Opponents of payment reductions caution that lower benchmarks could prompt insurers to reduce supplemental benefit offerings, increase cost-sharing, or exit markets in lower-density or rural service areas where per-capita costs are higher and enrollment volumes less favorable to plan economics. Several MA insurers announced benefit reductions and market exits in rural counties during the 2025 enrollment period, a development industry representatives attributed in part to prior CMS rate adjustments.
CMS data on plan availability and benefit design indicate that rural beneficiaries have experienced reduced MA plan options in certain geographies over the prior two enrollment cycles, though the causal relationship to federal payment policy versus other market factors remains a subject of ongoing analytical work by MedPAC and independent researchers.
MedPAC’s Independence Under Scrutiny
The commission’s statutory independence from executive branch direction and its mandate to provide objective analysis to Congress have historically insulated MedPAC from direct political intervention in its research agenda. The current industry-backed legislative effort to regulate the commission’s research methodology represents a structural challenge to that independence, distinct from the substantive disagreements over payment calculations that have characterized prior cycles of debate.
Congressional supporters of MedPAC’s independent function have pushed back against the proposed legislative constraints, arguing that imposing external methodological requirements on commission staff would effectively allow financially interested parties to shape the analytical framework through which federal Medicare payment policy is evaluated. That argument has not yet produced definitive legislative action, but the debate is expected to continue as Congress moves toward annual budget and appropriations deliberations in the coming months.
The tension between MedPAC’s advisory mandate and the financial interests of the MA industry is not novel.
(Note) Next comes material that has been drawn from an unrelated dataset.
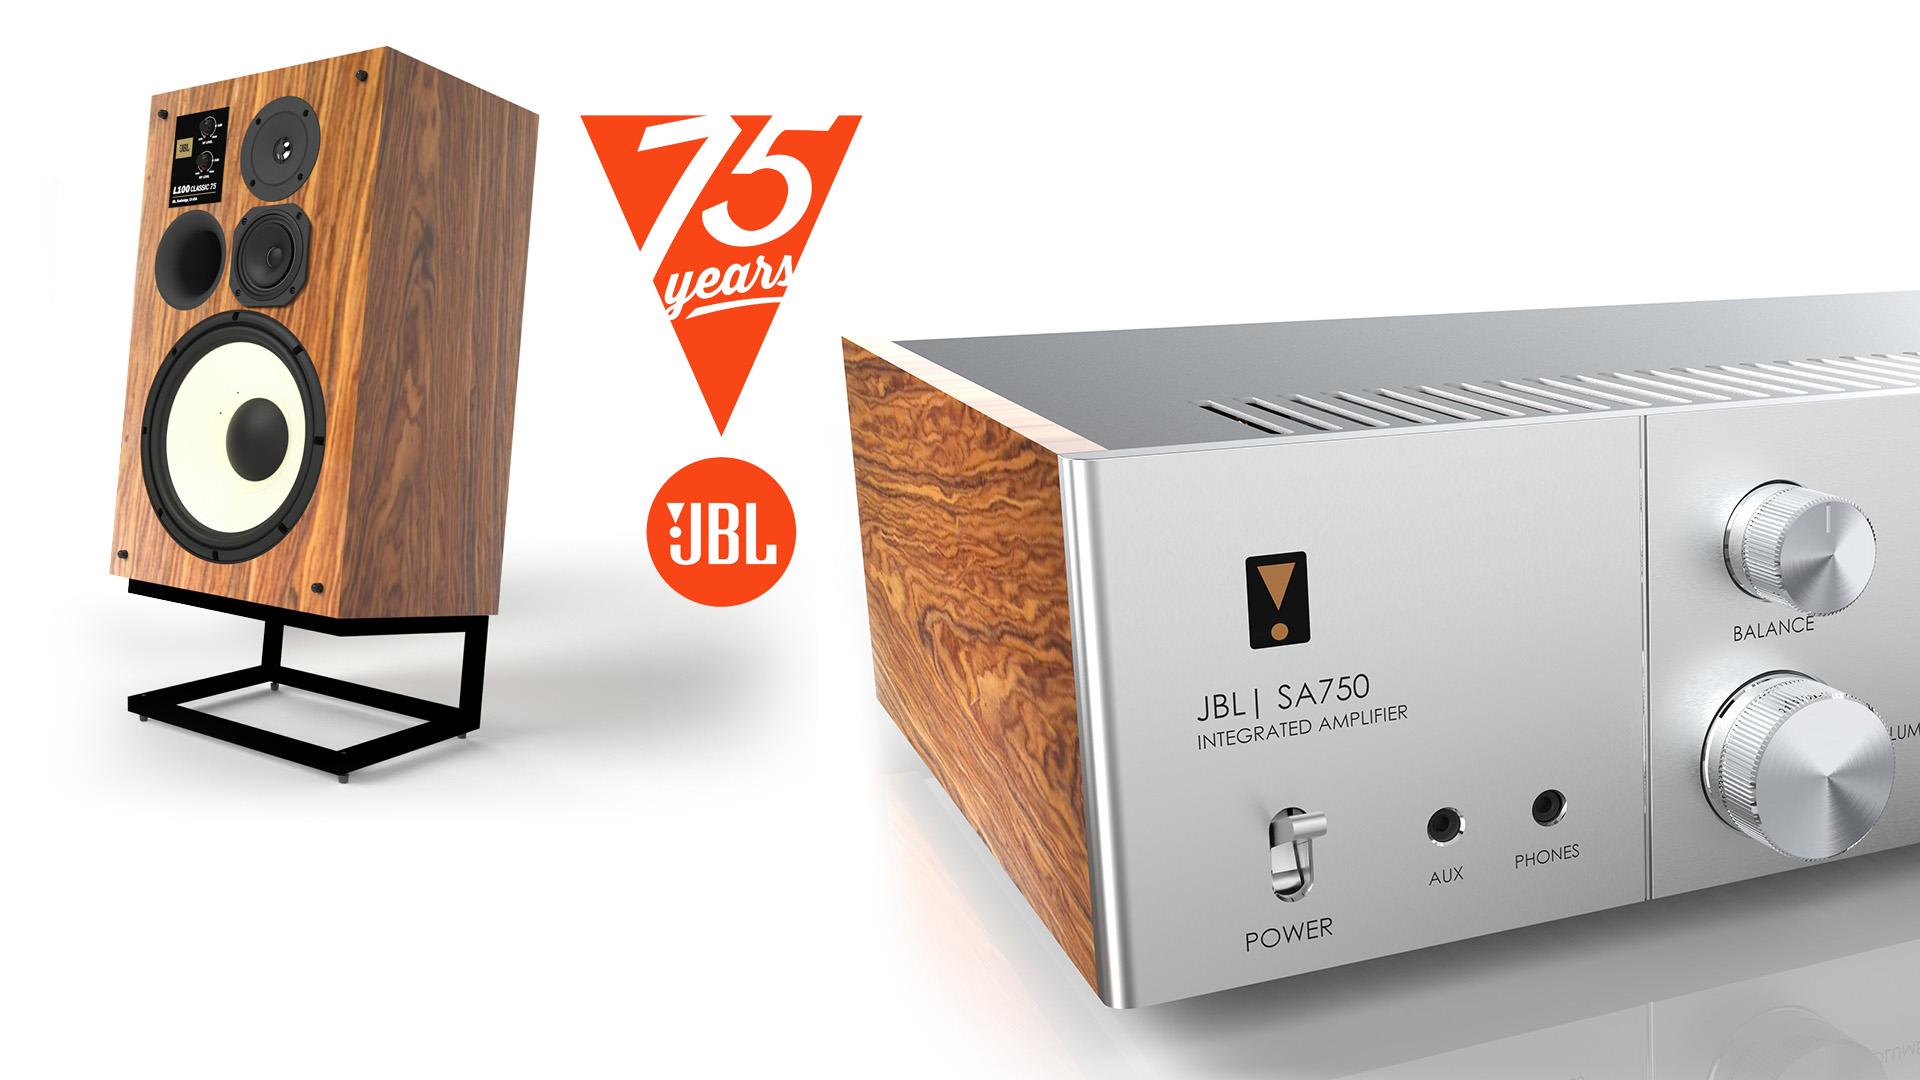 709-_-JBL-SA750-_-L100-Classic-75.jpg

The commission has documented excess payments across multiple prior administrations and congressional configurations, and the insurance sector’s lobbying apparatus has consistently sought to moderate the policy response to those findings. What distinguishes the current period is the directness of the effort to challenge the commission’s institutional standing rather than solely contesting its conclusions.
Rate-Setting Outlook
CMS is expected to release the final MA payment rates for contract year 2027 in the coming weeks. The rate notice will reflect the administration’s decisions regarding payment benchmarks, risk-adjustment methodology, and the treatment of the quality bonus payment system that currently allows MA plans to receive above-benchmark payments for meeting specified performance thresholds.
MedPAC’s annual report will serve as a reference document for legislators and advocates on both sides of the payment debate as the rate-setting process concludes. Whether the administration’s final rate decisions align with the commission’s recommendations for payment recalibration, or reflect the industry’s argument for increased funding, will serve as an early indicator of how the current federal government weighs independent advisory findings against organized industry opposition in the MA payment context.
The commission’s report is available in full on the MedPAC website. Congressional testimony related to the report’s findings is scheduled for the coming weeks before relevant House and Senate committees with jurisdiction over Medicare payment policy.